Evaluation of Grain Zinc Concentration

Zinc concentration was measured for grain of the 984 PBLs grown in a well-irrigated experiment with 2 replications at Ciudad Obregon in 2016. The 50 PBLs with highest grain Zn concentration (in 2016) were evaluated again in 2017 in an experiment with two replications. Grain Zn concentration (µg g−1) was estimated using a “bench-top,” non-destructive, energy-dispersive X-ray fluorescence spectrometry (EDXRF) instrument (model X-Supreme 8000, Oxford Instruments plc, Abingdon, UK) according to the method described by Paltridge et al.37.

Evaluation of Disease Resistances

Powdery Mildew (Blumeria graminis f. sp. tritici – Bgt) resistance of the 134 PBL sub-set was evaluated at Malan research station in Himachal Pradesh, India (31.1048°N, 77.1734°E), which is a natural hotspot for the disease. Experiments used randomized complete block designs (RCBD) with two replications of 1.0 m2 plots in which row-to-row spacing was 20 cm. Sowing was in the first fortnight of November (2016 and 2017) and standard agronomic practices (as explained in the above section) were followed. The susceptible varieties Lehmi and HPW 155 were sown between every tenth test genotype and on the outer boundaries of the plots for use as susceptible checks and to multiply and spread inoculum. The experiments were dust inoculated with a locally available isolate of Bgt. The inoculum was multiplied on seedlings of HPW155, Lehmi, and Agra Local grown in 4-inch pots. Data were recorded for overall disease reaction on a 0–9 scale as described by Saari and Prescott38.

The 134 PBLs were evaluated against yellow rust (Puccinia striiformis f. sp. tritici) virulent pathotypes 46S119 and 78S84, at IARI-New Delhi (30.90284 N, 75.79692 220 m ASL), and PAU, Ludhiana (30.90284 N, 75.79692 E 250 m ASL), India. Experiments were performed at both locations during two consecutive years, using RCBDs with two replications of 0.5 m2 plots with 20 cm inter-row spacing. Avocet was used as a susceptible check grown all-around the experimental blocks. Methodology explained by Hao et al.39. was used to inoculate spreader/border rows. Disease symptoms were scored when the susceptible check showed 100% yellow rust infection. The percent of infection was estimated according to the modified Cobb’s scale40.

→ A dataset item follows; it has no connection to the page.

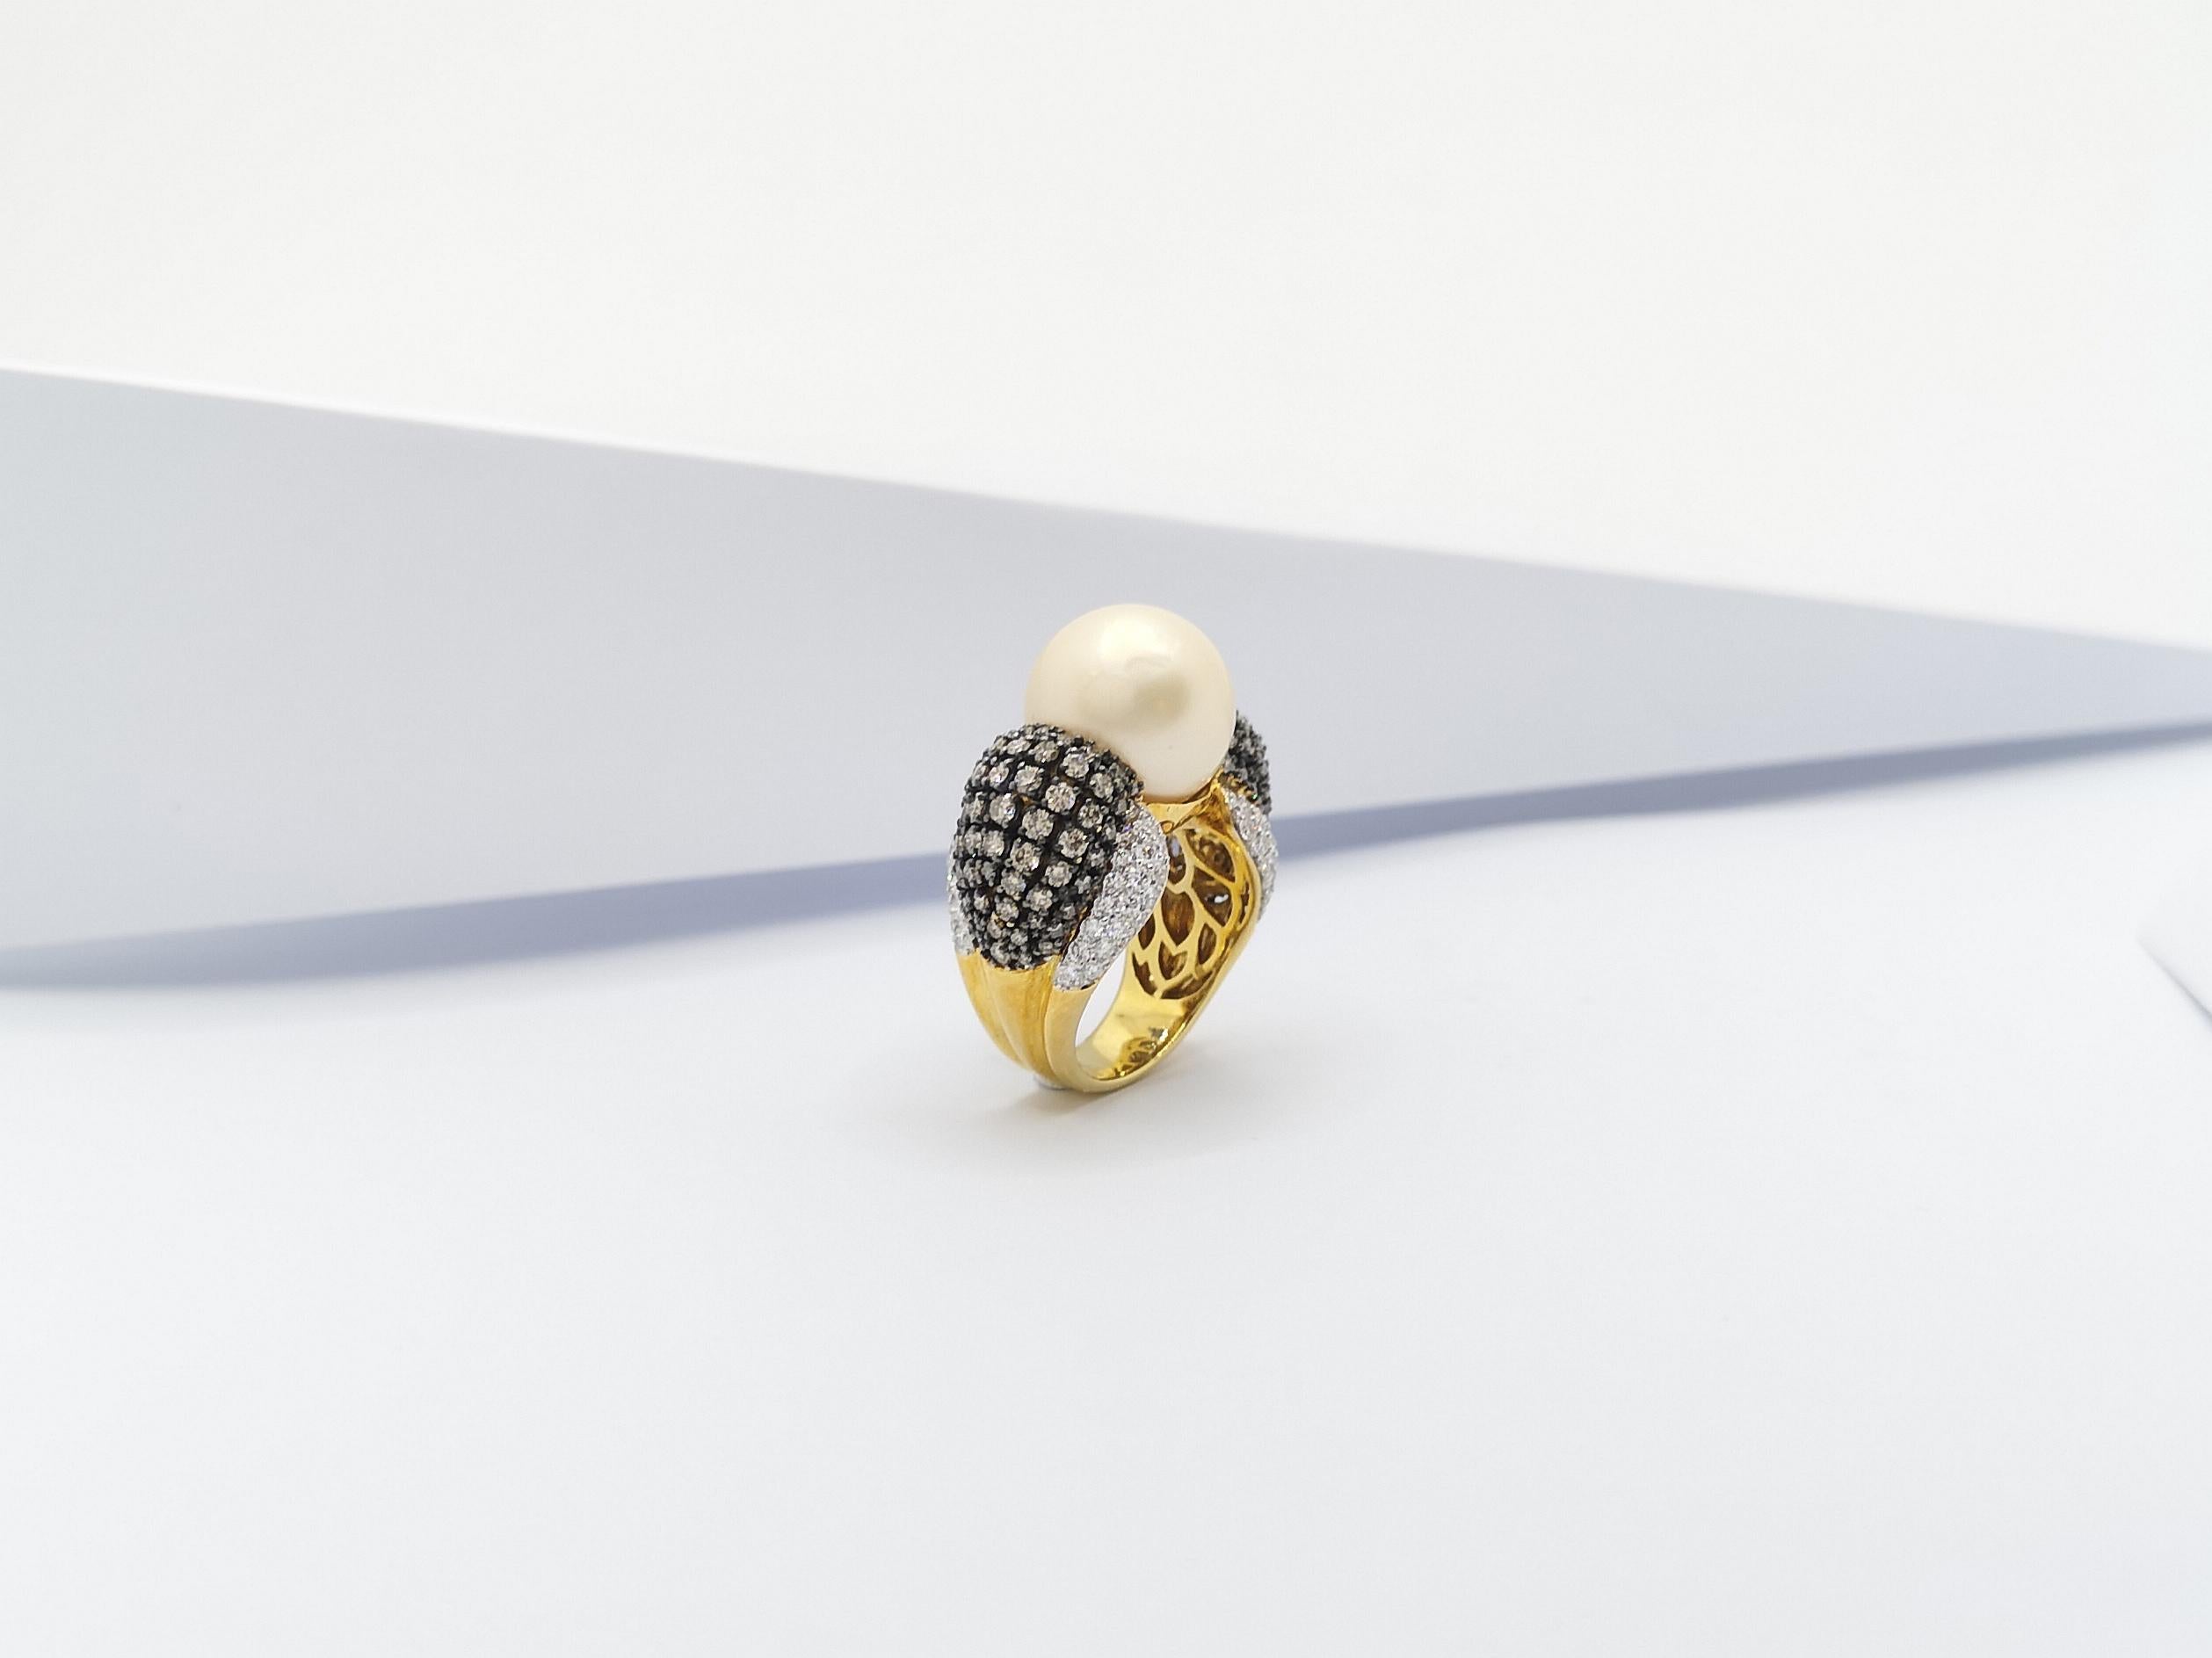 Golden South Sea Pearl with Brown Diamond and Diamond Ring Set in 18 Karat Gold For Sale 5

Bioinformatics Analysis of Significant Associations

Efforts were made to identify HB markers within the predicted gene coding sequence. Four HBs, i.e. HB16.10, HB18.1, HB10.5 and HB5.23, showing consistent significant effects (for GY-HB16.10, HB18.1, HB10.5 and yellow rust-HB5.23) in GWA using multi-location data, were subjected to bioinformatics analyses. Sixty base pair sequences of each clone ID associated with each SNP marker were anchored to the Refseq. 1 physical map of wheat using BLAST. Markers were anchored based on the top hit (taking into account both query length and percentage match). All genes were extracted between the outermost markers associated with each haplotype +/− 500 Kbp. The size of each interval and number of genes within these intervals are enlisted in Supplementary Table 12. Annotated high confidence genes within GY-associated haplotypes were then submitted to Knetminer17 to identify genes that have previously been implicated in determining GY for multiple plant species.

The world map presented in Supplementary Fig. 8 was constructed using ESRI ArcGIS Desktop software41.